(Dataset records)
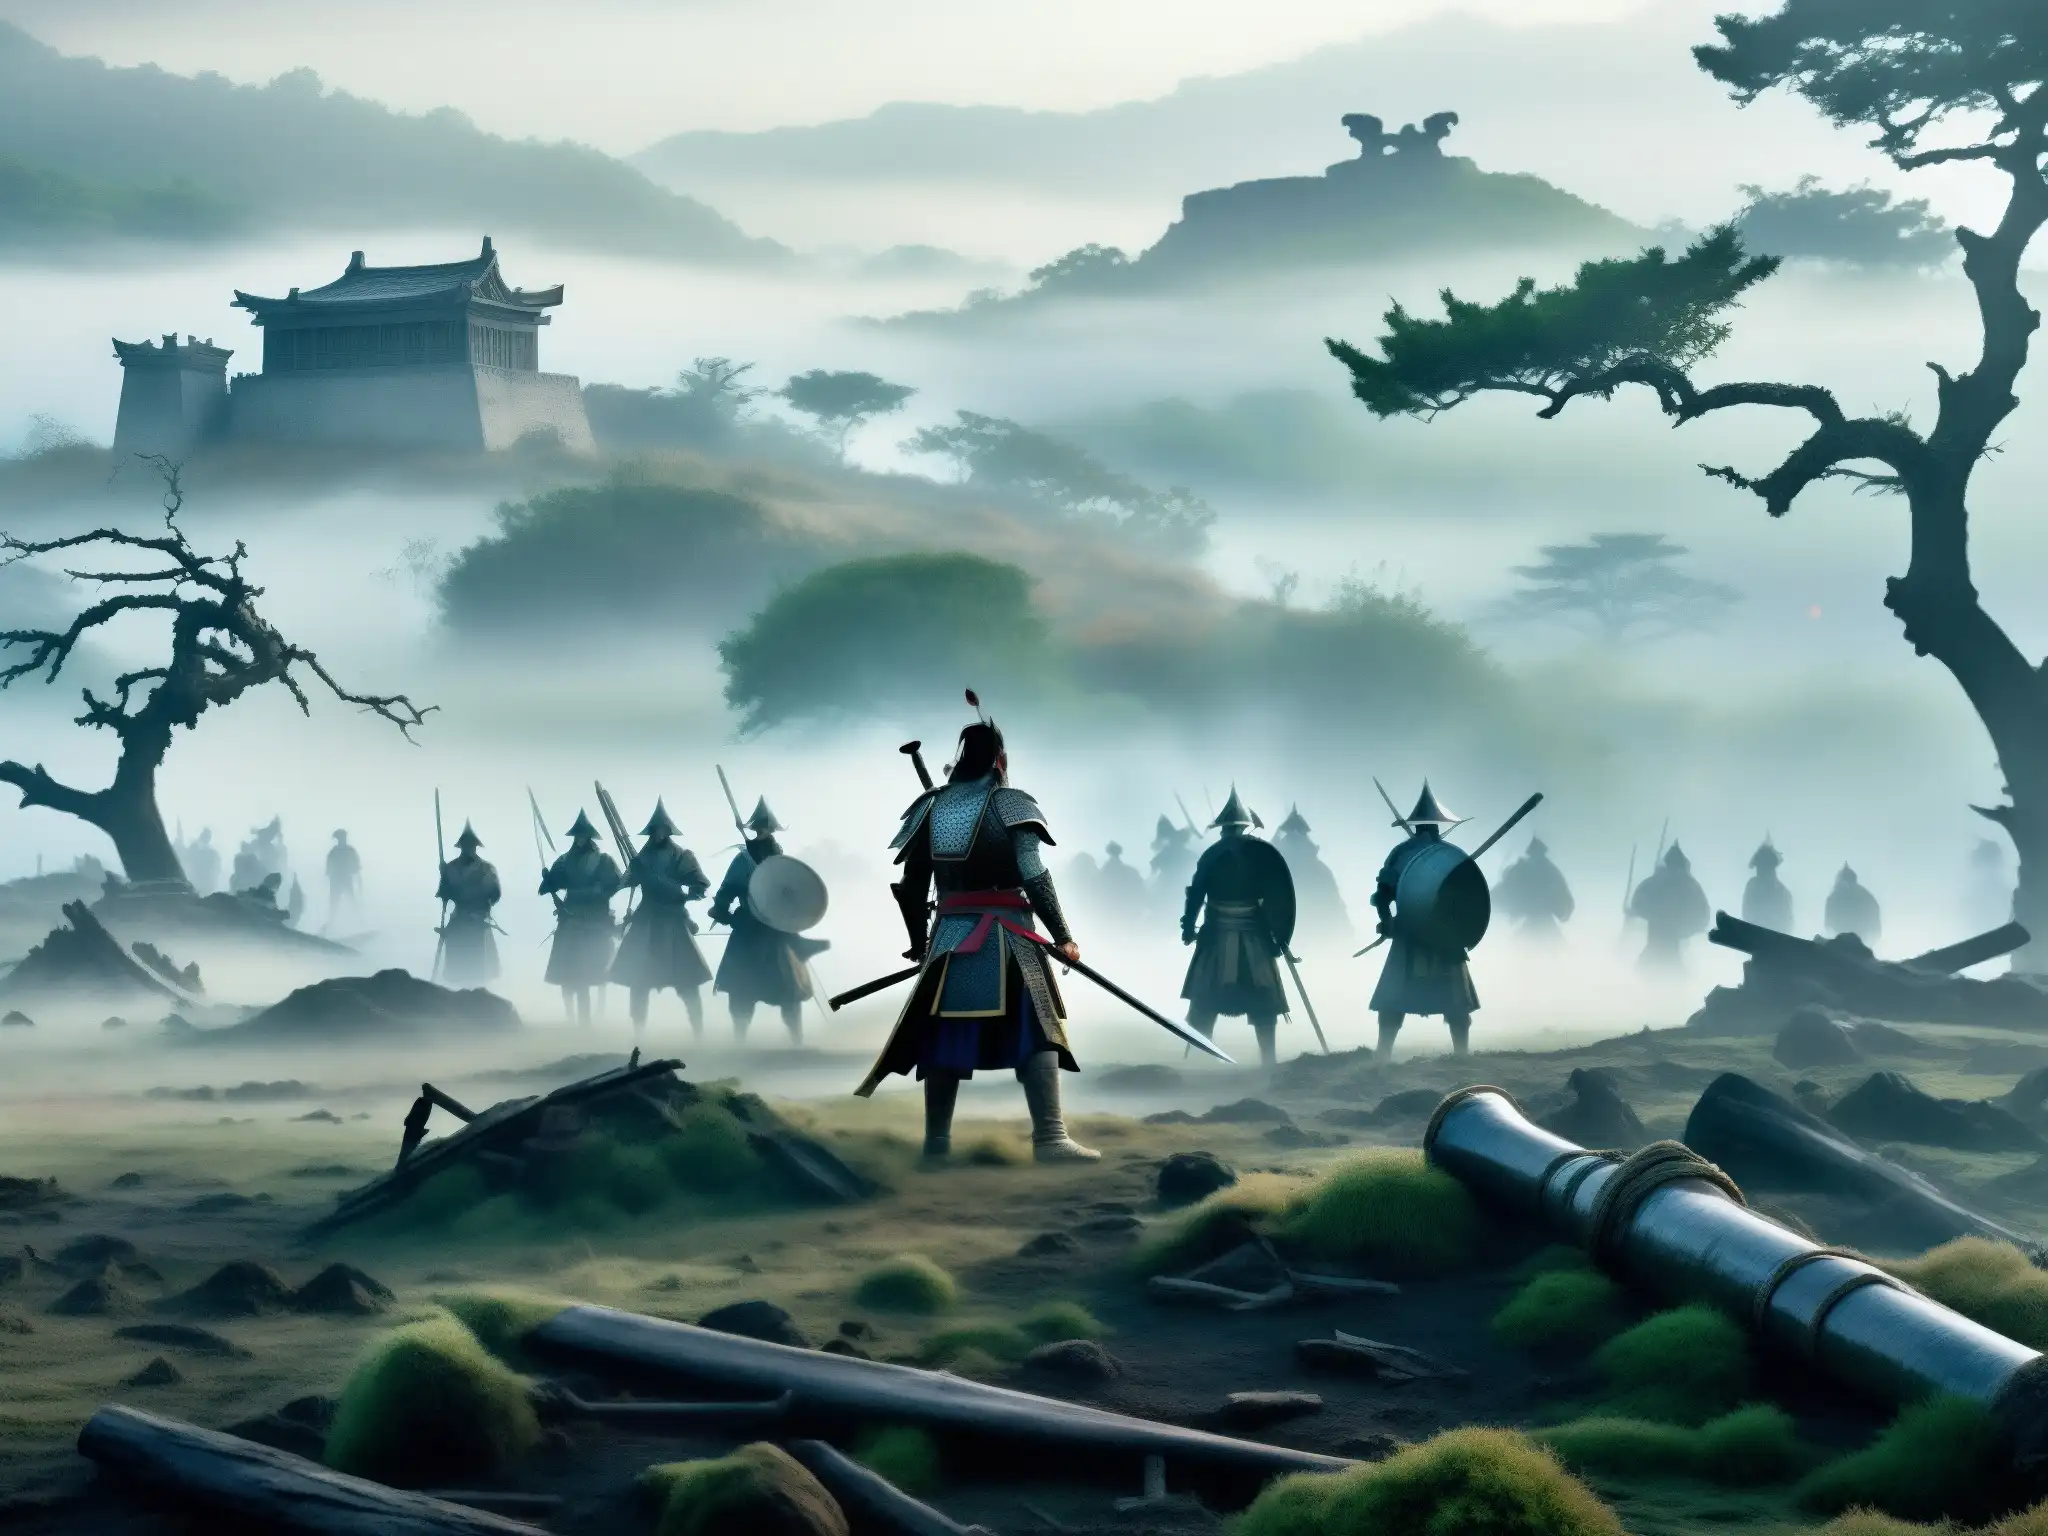 Imagen de apariciones fantasma de antiguos samuráis en una neblinosa batalla, evocando misterio y la atmósfera sobrenatural de las batallas samurái
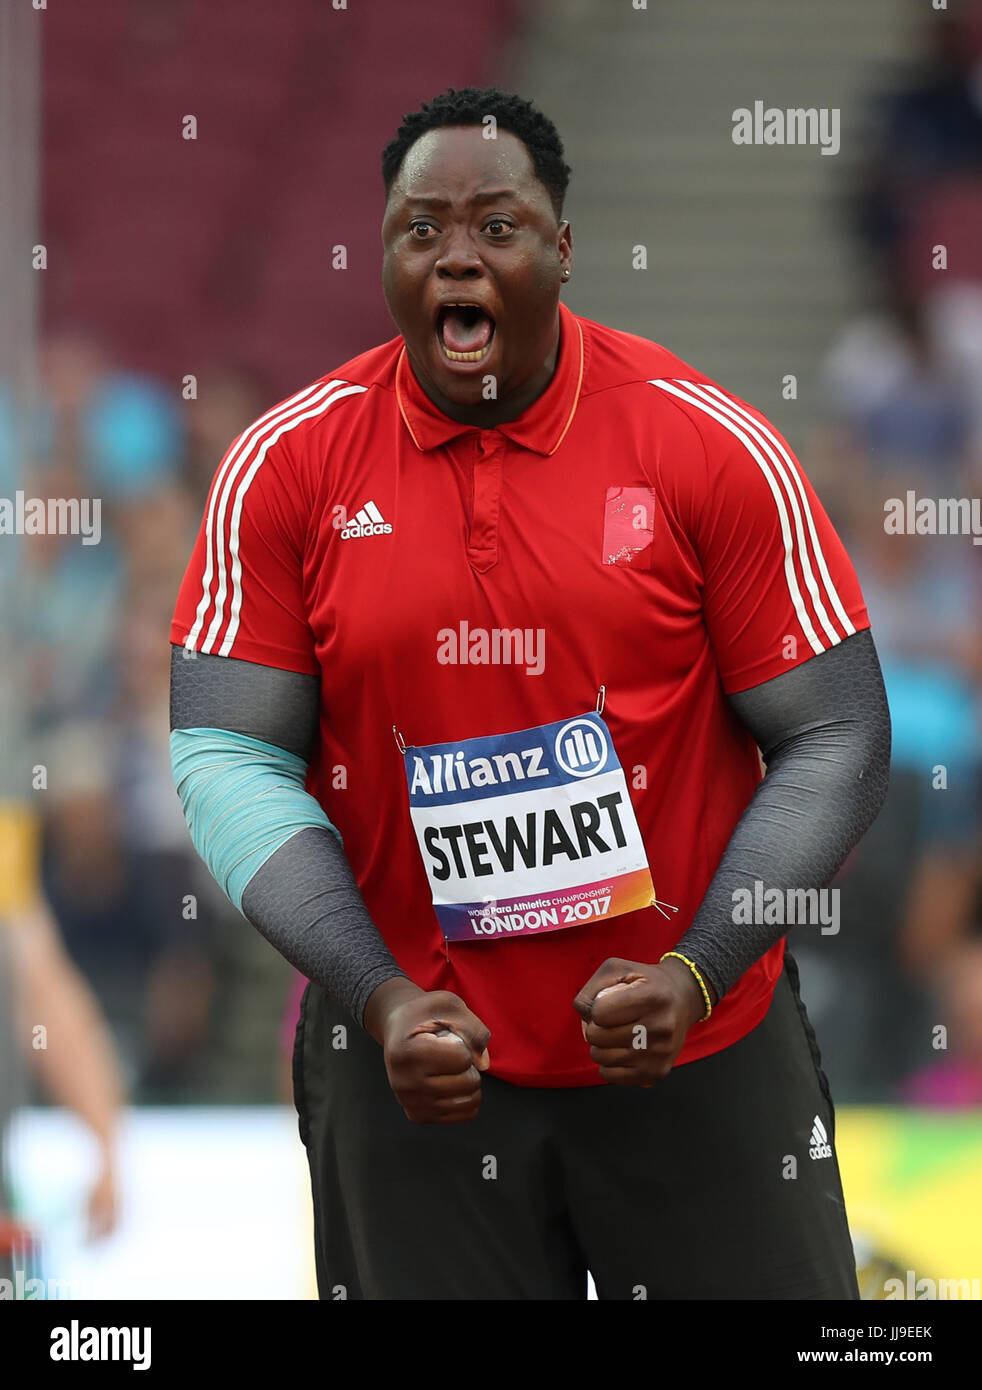 Trinidad und Tobago Akeem Stewart reagiert auf einen guten Wurf, während die Männer Speer werfen F44 letzte Tag fünf der 2017 Para Leichtathletik-Weltmeisterschaften in London Stadion. Stockfoto
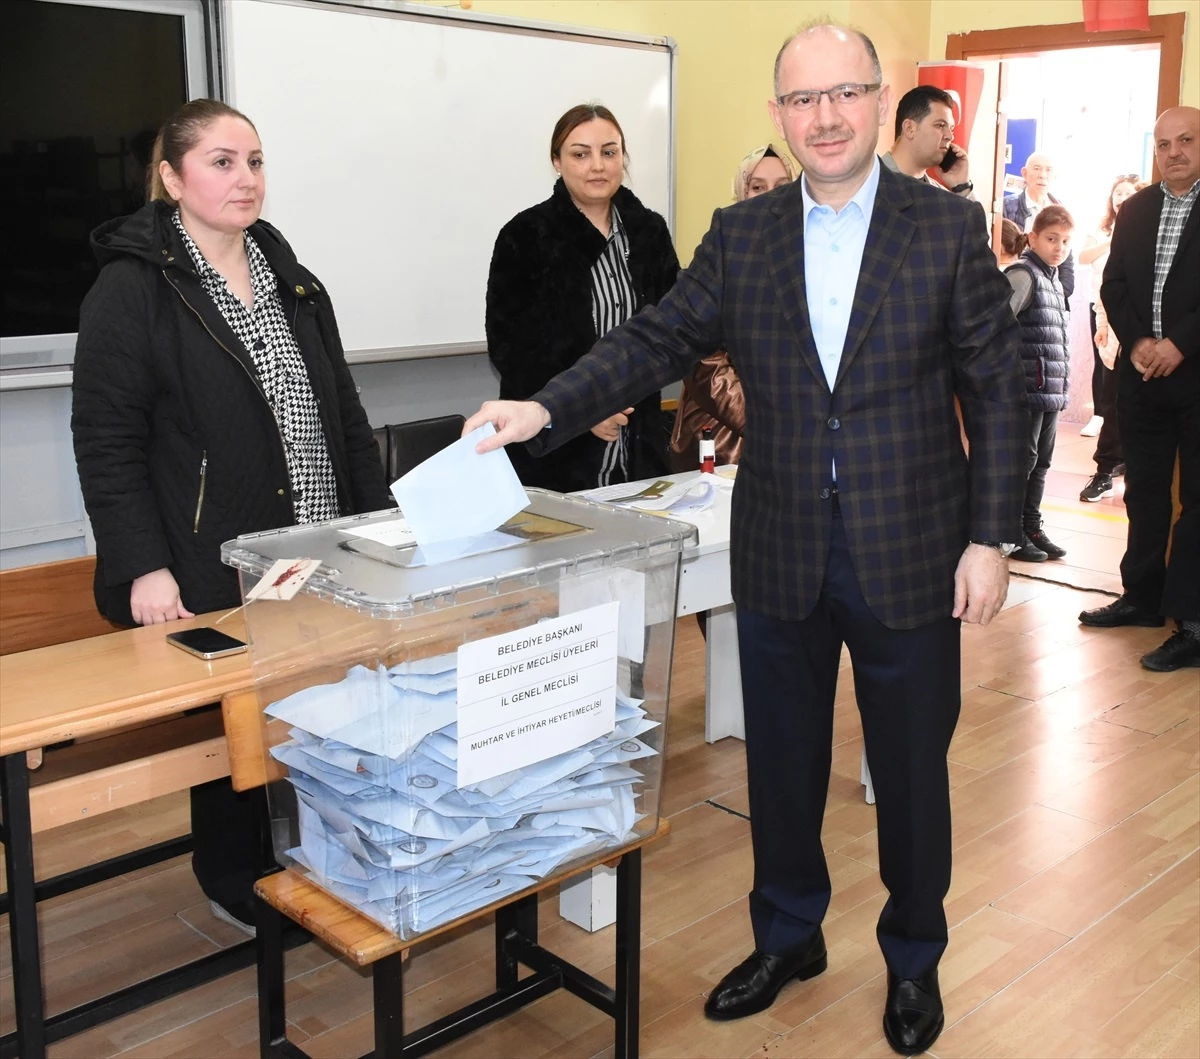 Giresun Valisi Mehmet Fatih Serdengeçti, seçimlerin sorunsuz başladığını söyledi
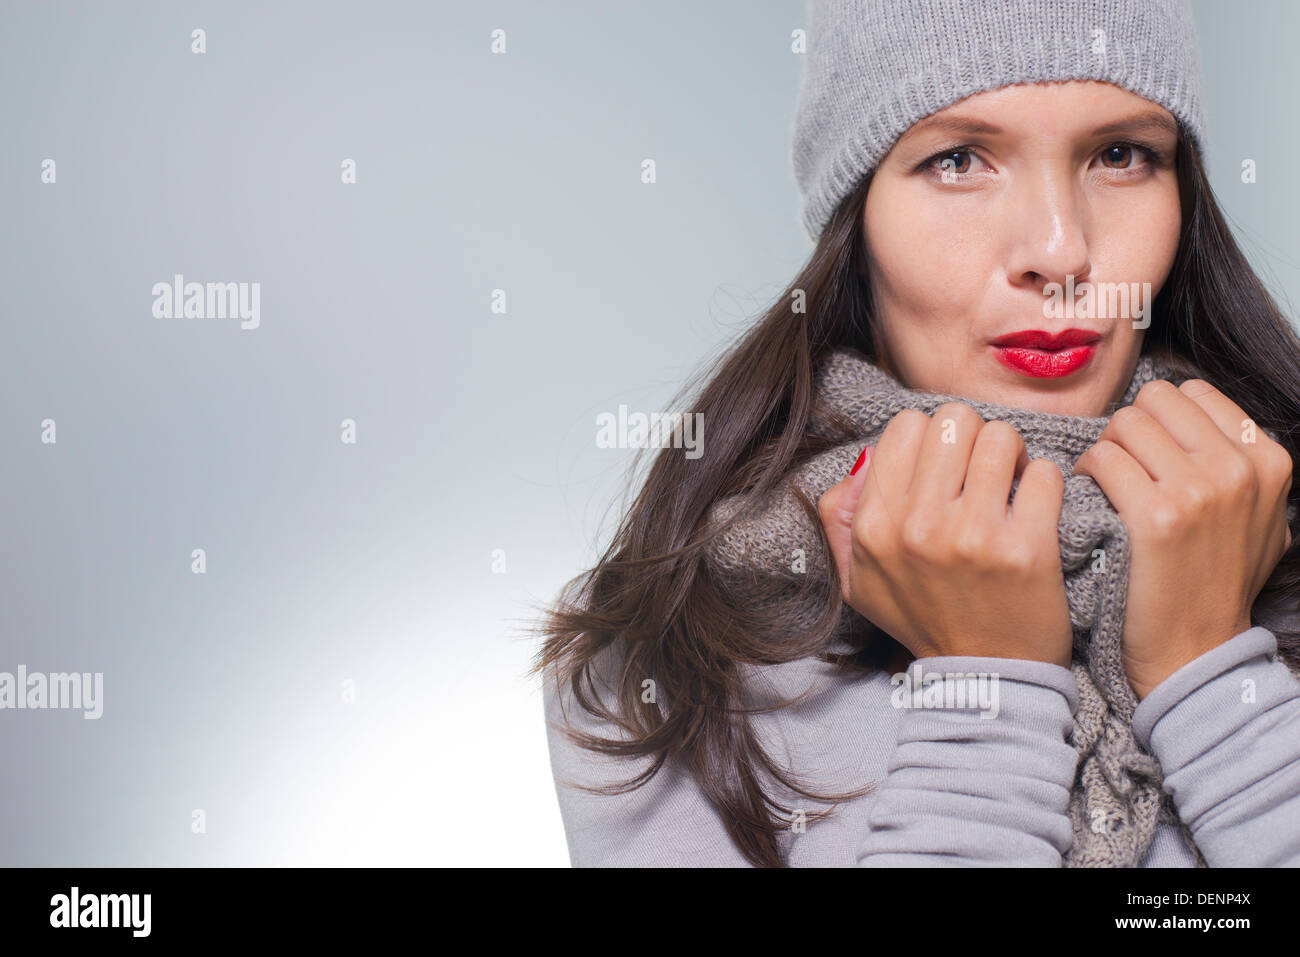 Piuttosto giovane donna in inverno fashion cuddling giù all'interno di lei di lana grigio in maglia jersey, sciarpa e cappello in un freddo giorno Foto Stock
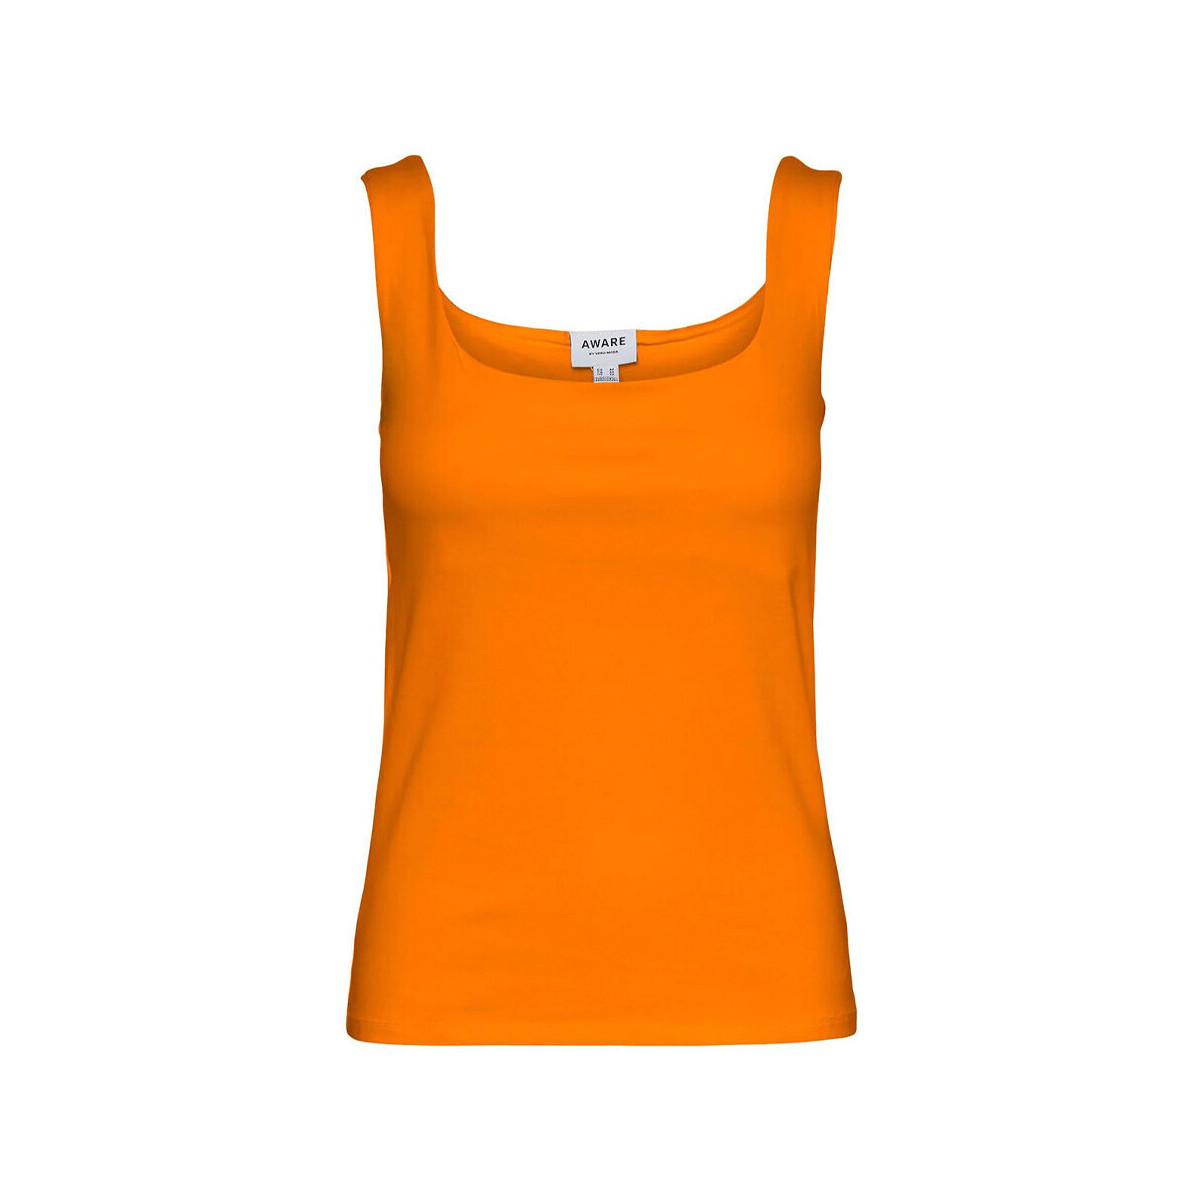 Vêtements Femme Débardeurs / T-shirts sans manche Vero Moda 10267649 Orange

**What you should do:** Each line from the start of the entries to the line holding "Piuttosto giovane donna" is to be given again exactly, both ends included, and each picture is to be left out.

**Task result:**
 Imagen de apariciones fantasma de antiguos samuráis en una neblinosa batalla, evocando misterio y la atmósfera sobrenatural de las batallas samurái
 Trinidad und Tobago Akeem Stewart reagiert auf einen guten Wurf, während die Männer Speer werfen F44 letzte Tag fünf der 2017 Para Leichtathletik-Weltmeisterschaften in London Stadion. Stockfoto
 Giresun Valisi Mehmet Fatih Serdengeçti, seçimlerin sorunsuz başladığını söyledi
 Piuttosto giovane donna in inverno fashion cuddling giù all'interno di lei di lana grigio in maglia jersey, sciarpa e cappello in un freddo giorno Foto Stock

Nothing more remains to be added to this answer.